Most high school students experience tumultuous stress whether it’s during college app season, studying for the SATs, or even finding a date to take to prom. Nonetheless, stress is part of any student’s life and an outlet for stress can be very hard to find. Some resort to drugs and alcohol while others stuff themselves with Ben and Jerry’s Ice Cream. There are varied methods in relieving one’s stress but experts found that one in particular shows the most therapeutic value: blogging.
Rather than diary-keeping, blogging proved to be the more effective way for adolescents to relieve their stress. The study conducted by Meyran Boniel-Nissim and Azy Barak kept track of 161 high school students (124 girls and 37 boys) who stated they have difficulty making and/or relating to friends.
These students were split into 6 separate groups. Two groups were told to blog online about their social difficulties, with one of the two groups to open their posts to comments. The other two groups also were told to blog online but about anything they wanted, with again one of the two groups to open their posts to comments. The last two groups, as the control groups, were told to write in diaries or do nothing at all.
The group of students, who blogged about their problems and had posts open to comments, exhibited the greatest improvement in mood.
More and more teenagers are growing dependent on the internet, not only for pastime but also for stress relief. The process of channeling one’s stress into words for online strangers seems to be the cure for many teenagers who have trouble seeking therapy or consoling with friends and family. Although venting out one’s problems with another person may seem like the best option in taking the load off of one’s mind, many teenagers find it difficult to speak with others on a vulnerable, intimate level so they turn to blogging.
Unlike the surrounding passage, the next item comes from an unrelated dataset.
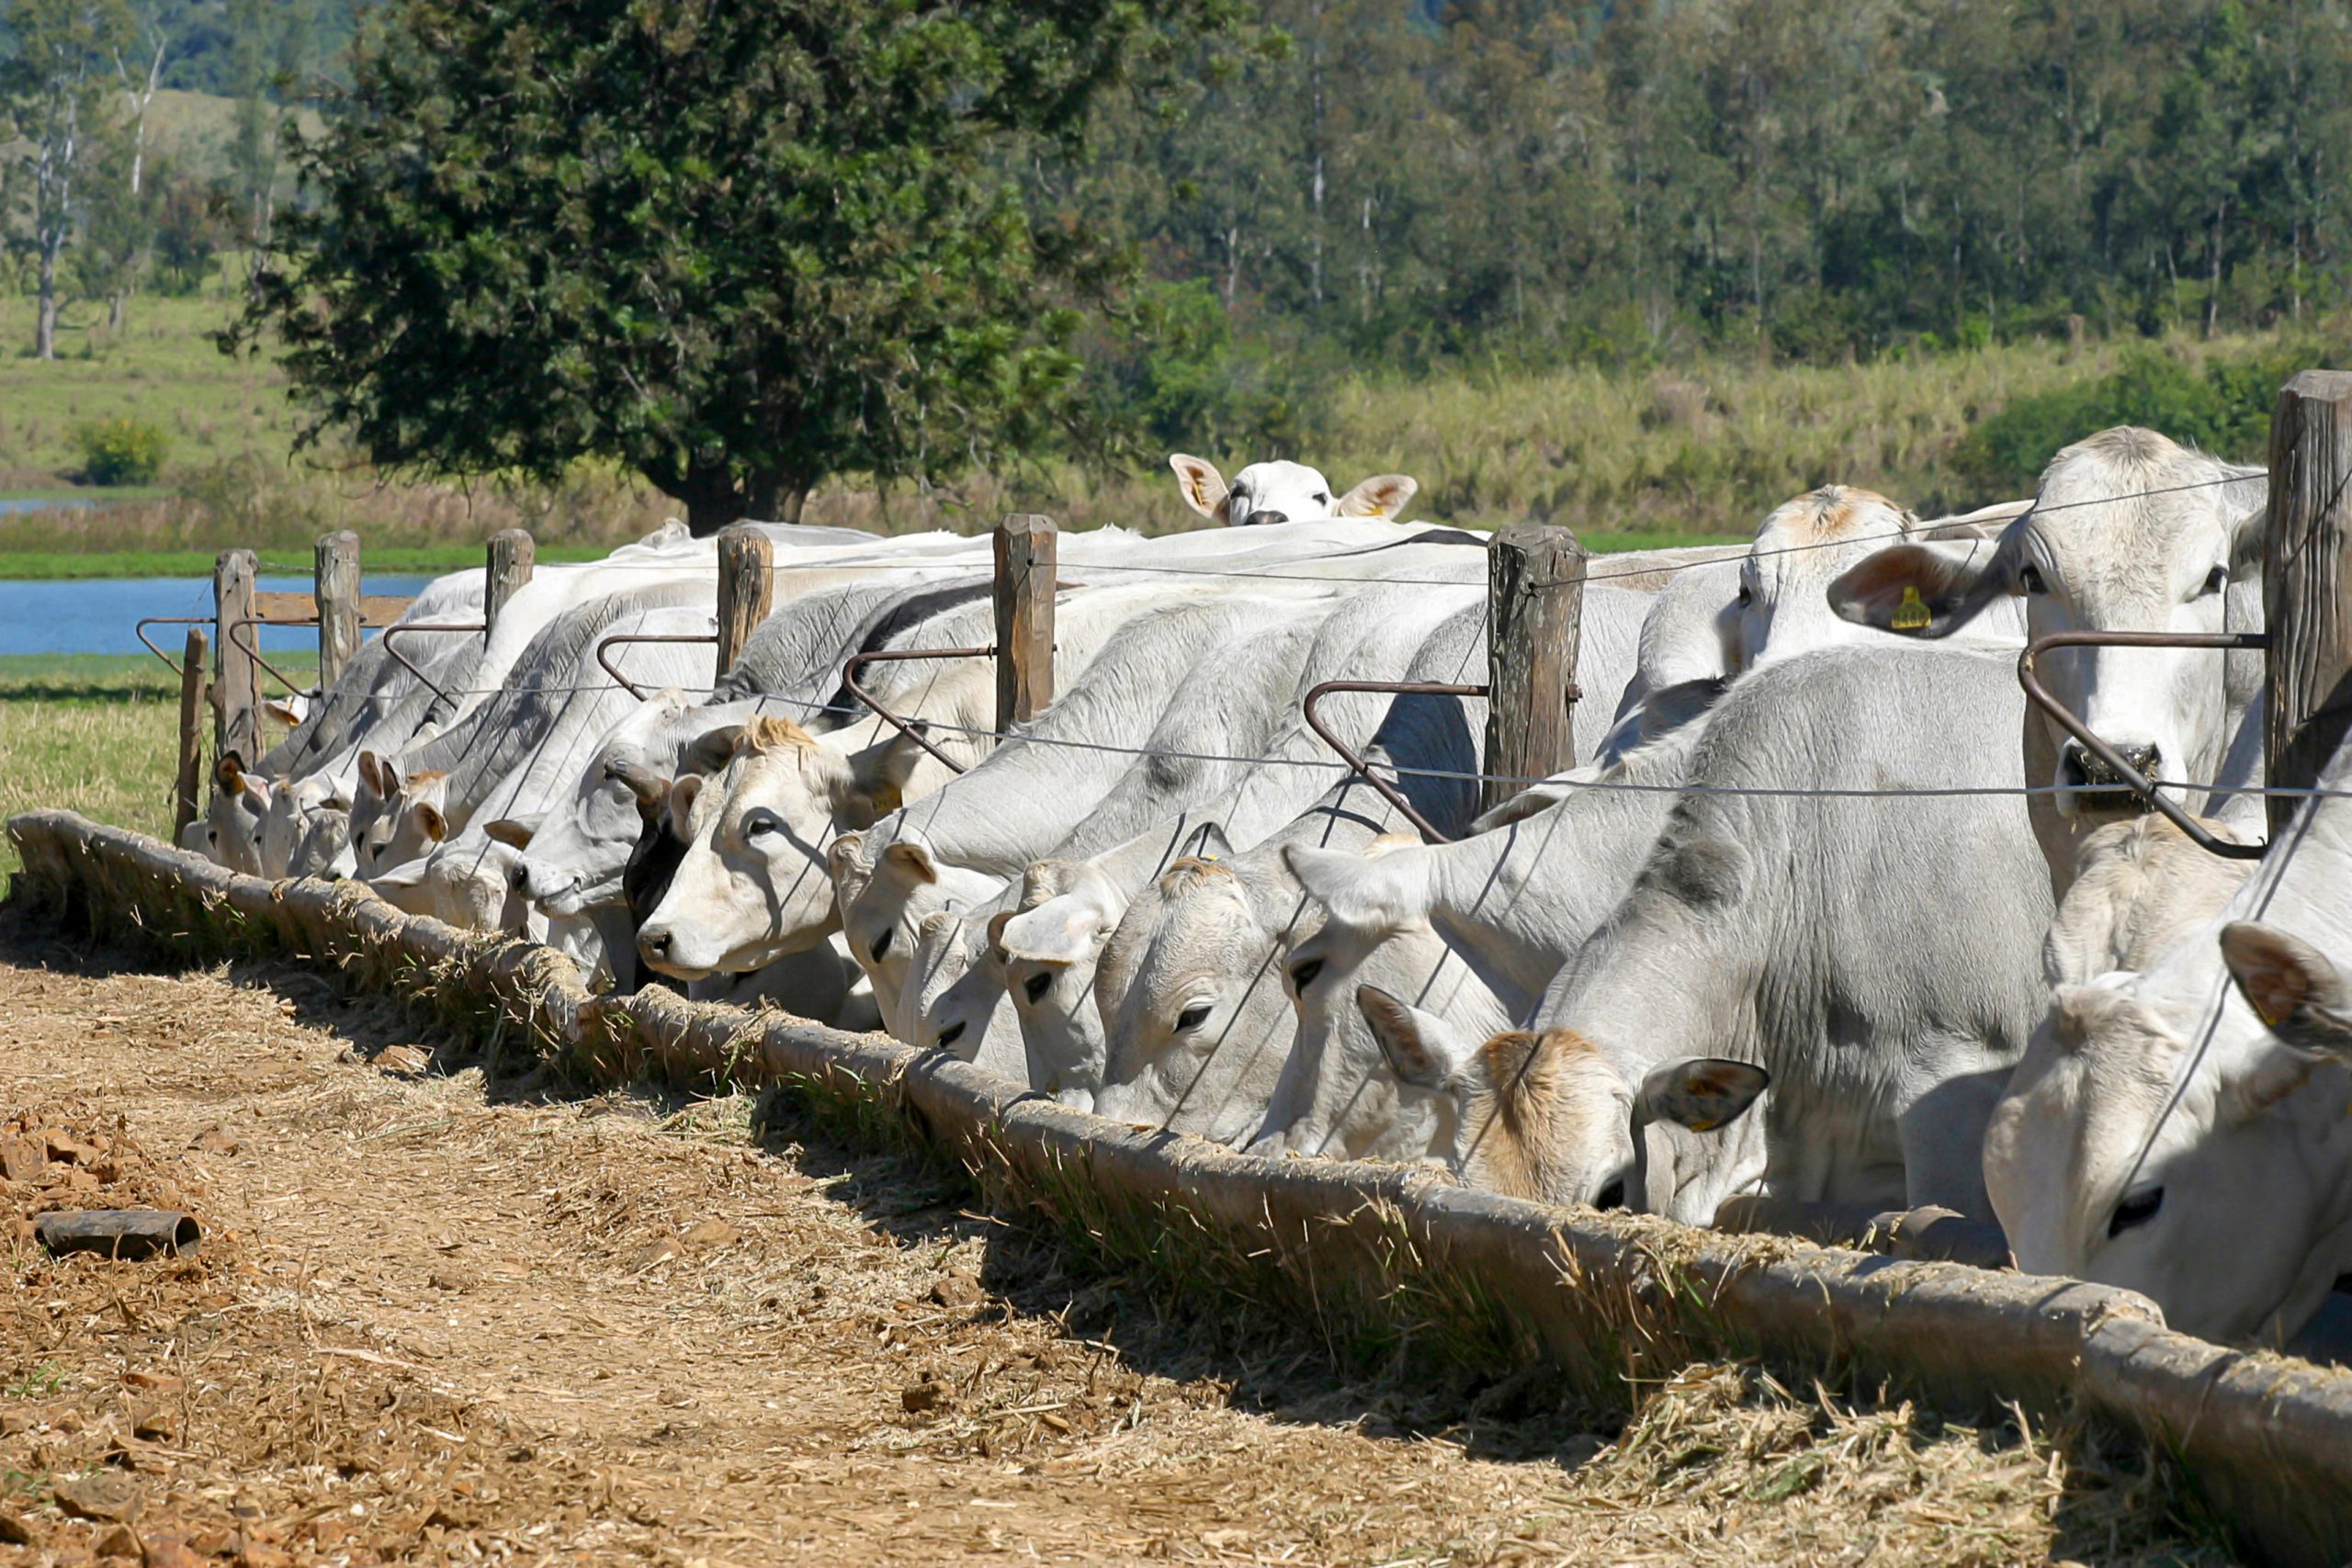 Acidose ruminal: um desafio na pecuária moderna

Many can’t help but to express concern over our generation’s infatuation with social networking and online pleasures. On average, teenagers spend more than 4 hours on the internet and have grown accustomed to depending on it for virtually everything, even for emotional support and stress relief.
As the modern world rapidly changes and advances technologically, will teenagers turn to the internet more than the people around them? Is blogging as therapy a justification for spending more hours online? How will one overcome social difficulties if one refrains from facing them? These questions should be heavily considered in a technologically consumed society.